**RECORDS SHOWN:**

────────

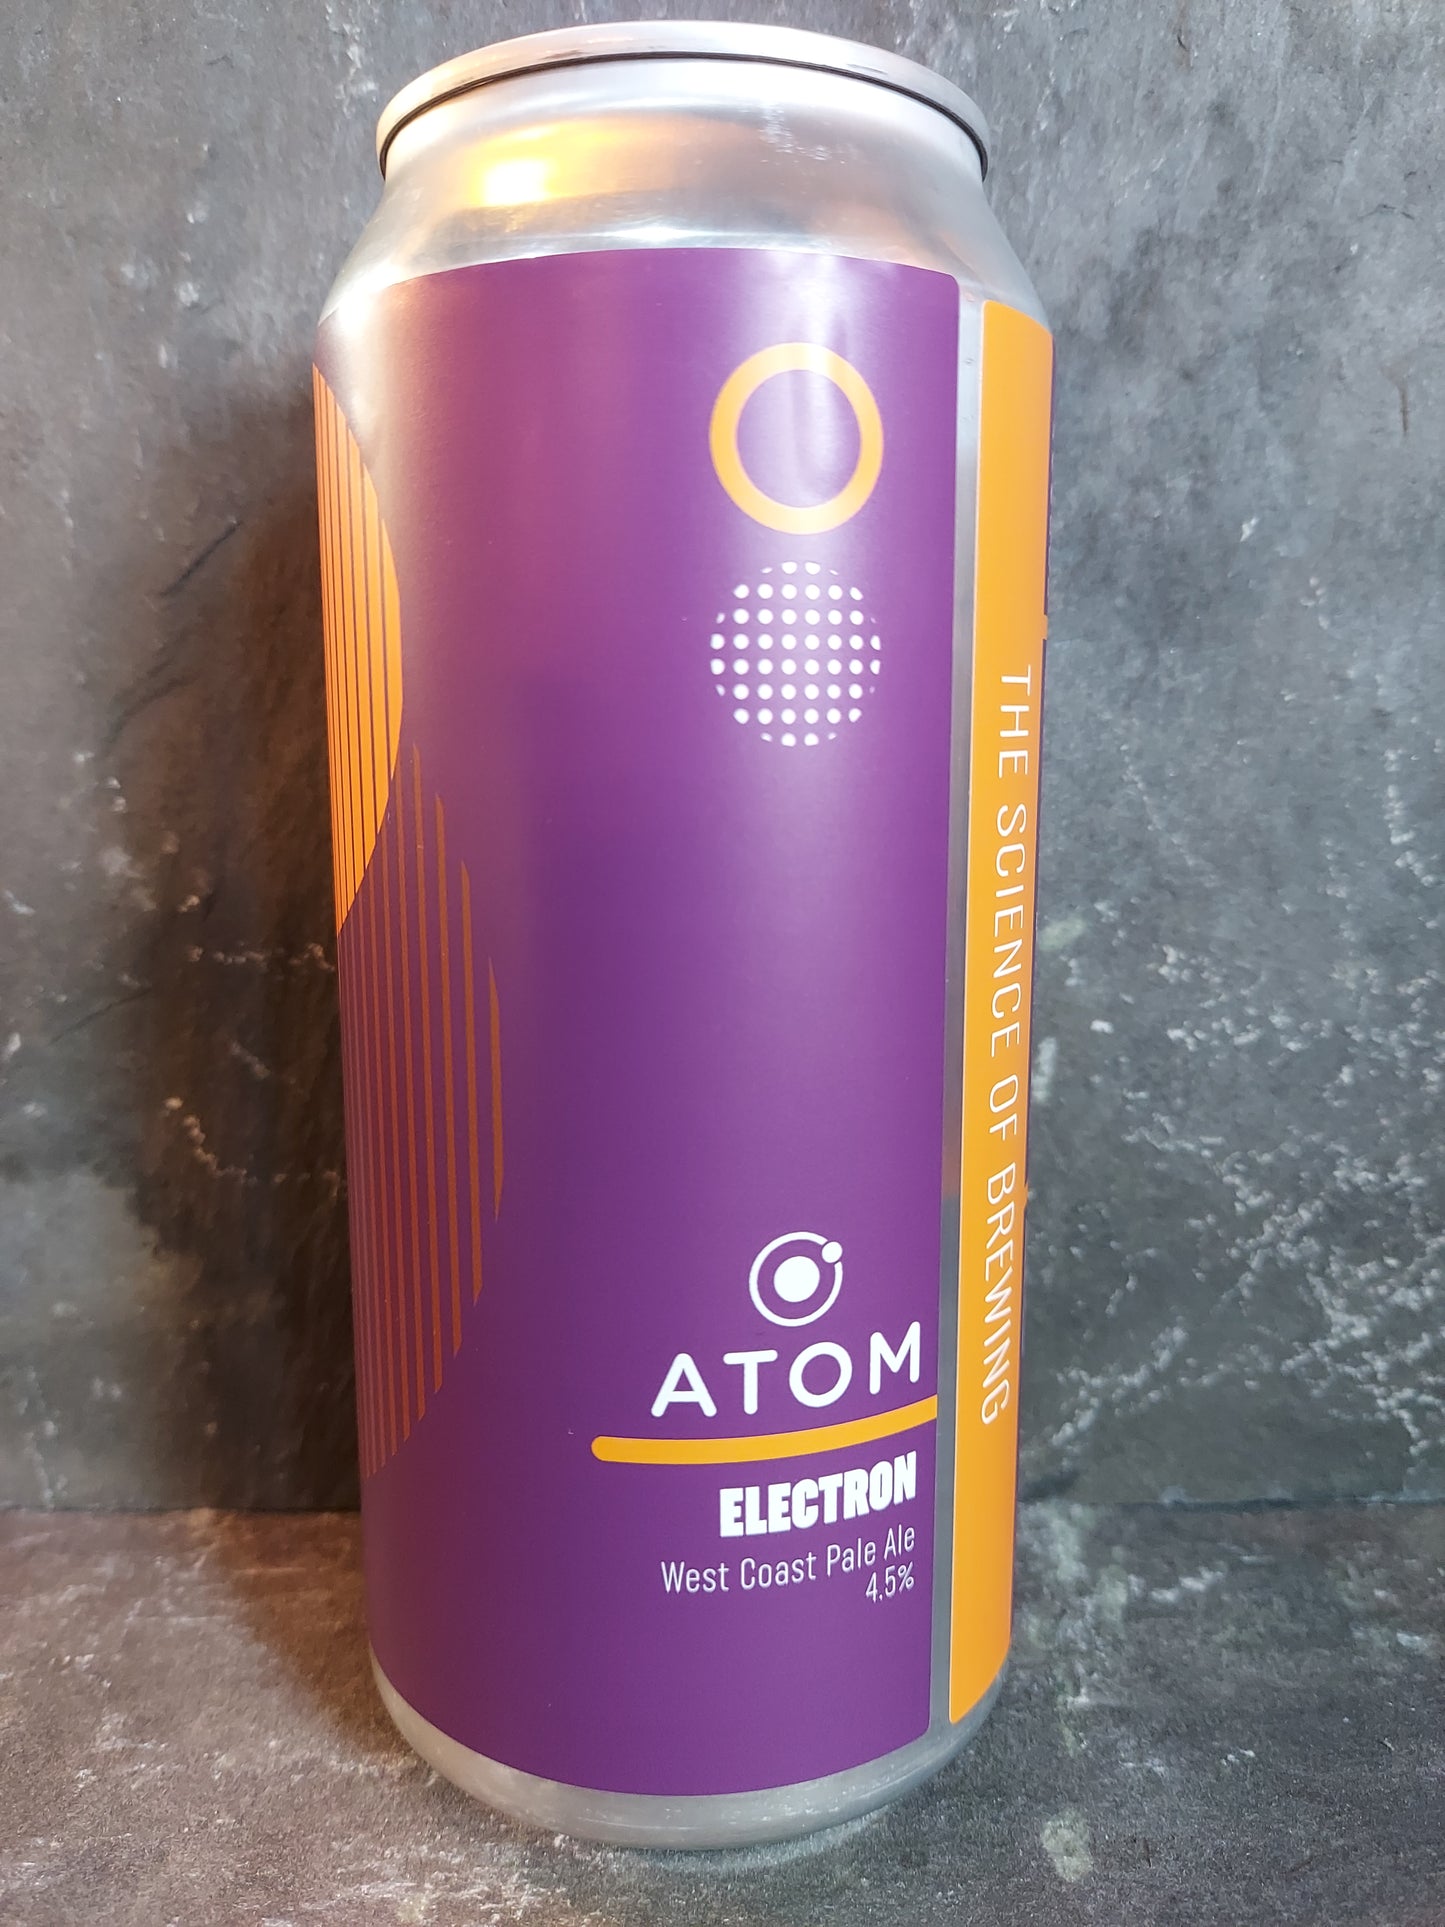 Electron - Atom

────────

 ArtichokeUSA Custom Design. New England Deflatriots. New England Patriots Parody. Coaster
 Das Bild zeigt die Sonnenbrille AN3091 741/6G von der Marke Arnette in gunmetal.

────────

**WHAT TO WORK ON:**
Would you copy, unchanged, the stretch of the records above that begins at the line containing "ArtichokeUSA Custom Design." and ends at the line containing "Das Bild zeigt", and only that?

**SOLUTION FOR THIS TASK:**
 ArtichokeUSA Custom Design. New England Deflatriots. New England Patriots Parody. Coaster
 Das Bild zeigt die Sonnenbrille AN3091 741/6G von der Marke Arnette in gunmetal.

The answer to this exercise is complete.